Thursday, May 19, 2005

Sun Bear's Legacy

My wife and I drove out with Kim and Trenton to visit my friend Edward. He owns a sizable chunk of land near Corkscrew Canyon Road that once belonged to a man by the name of Sun Bear. I don't know much about Sun Bear, except to say he established a non-profit organization known as the Bear Tribe, dedicated to teaching respect for Mother Earth and preserving spiritual practices from a variety of traditions. He died in the early 1990s.

The Bear Tribe no longer uses the site in any kind of organized manner, but a certain spirit of the land remains. Edward guided us through the area, scattered with cabins, stone medicine wheels, a "longhouse," a spring, and remnants of sacred doings from years ago.

Apparently people continue to visit informally and hold the land in reverence. In the short time we toured the site, someone visited unawares and placed an offering of fresh flowers at the center of one of the medicine wheels. We never saw the person, only the flowers, freshly cut and still unwithered by the sun.
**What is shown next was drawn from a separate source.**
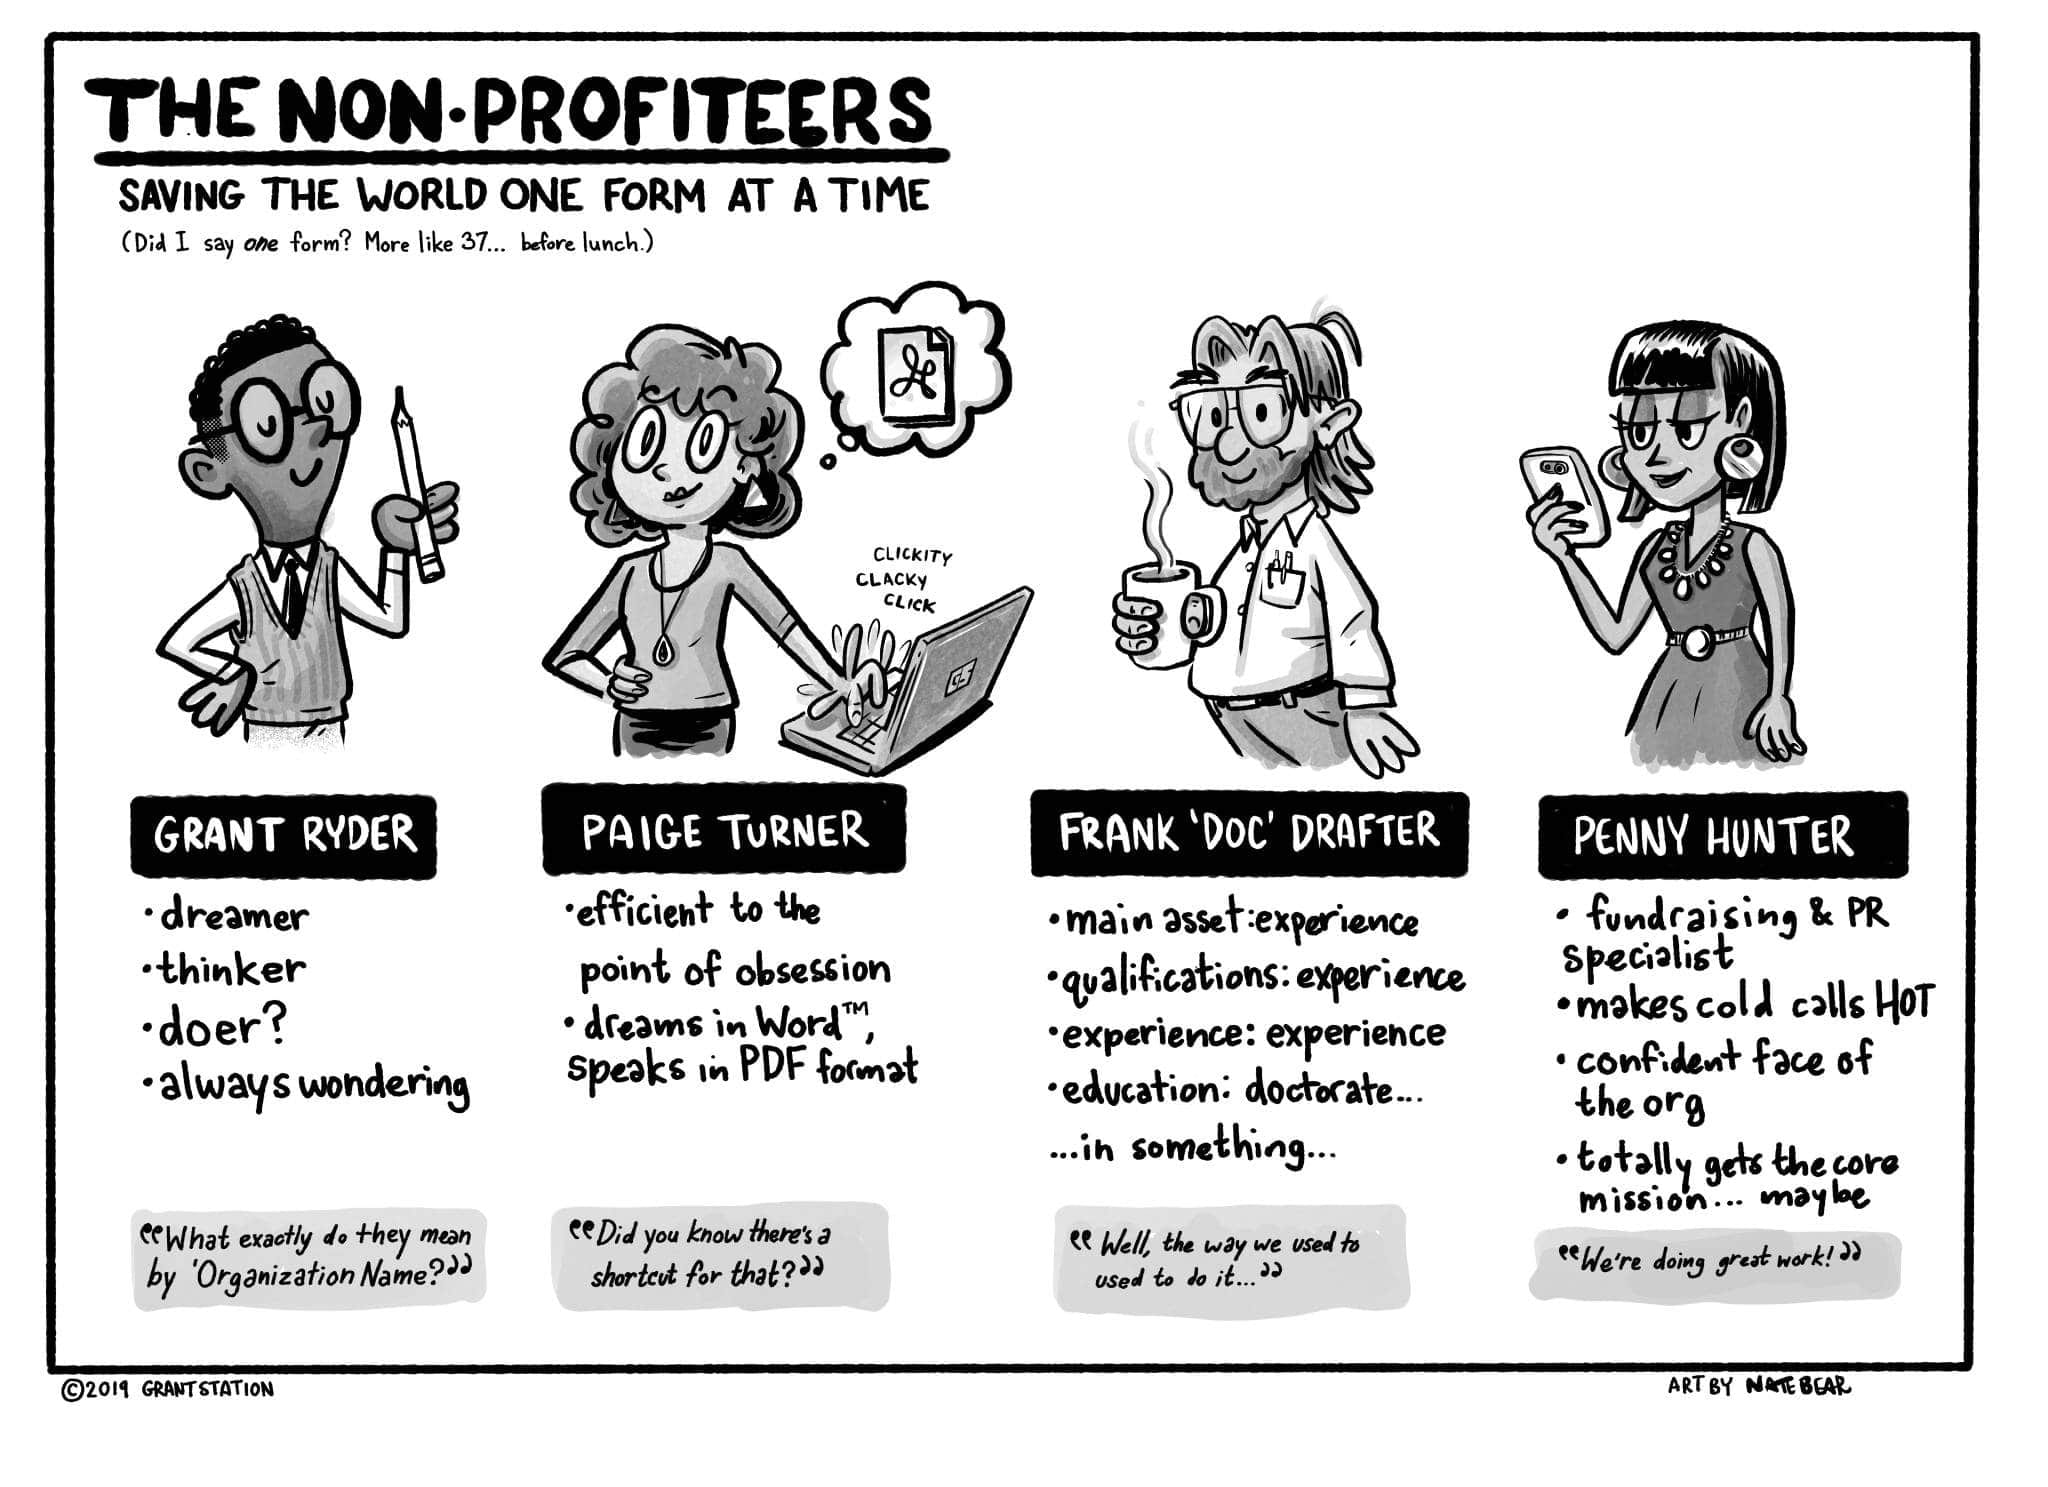 Meet the Nonprofiteers

When I was a teenager, I heard some disparaging comments about the Bear Tribe from other Native people, but I don't recall the exact nature of the criticism. I'm sure it had something to do with prejudice against "New Agers," but in spite of this vague and somewhat negative memory, I felt a strange power emanating from the land. The land itself is sacred, and holds echoes of the ones who most recently resided here and used the land for a sacred purpose.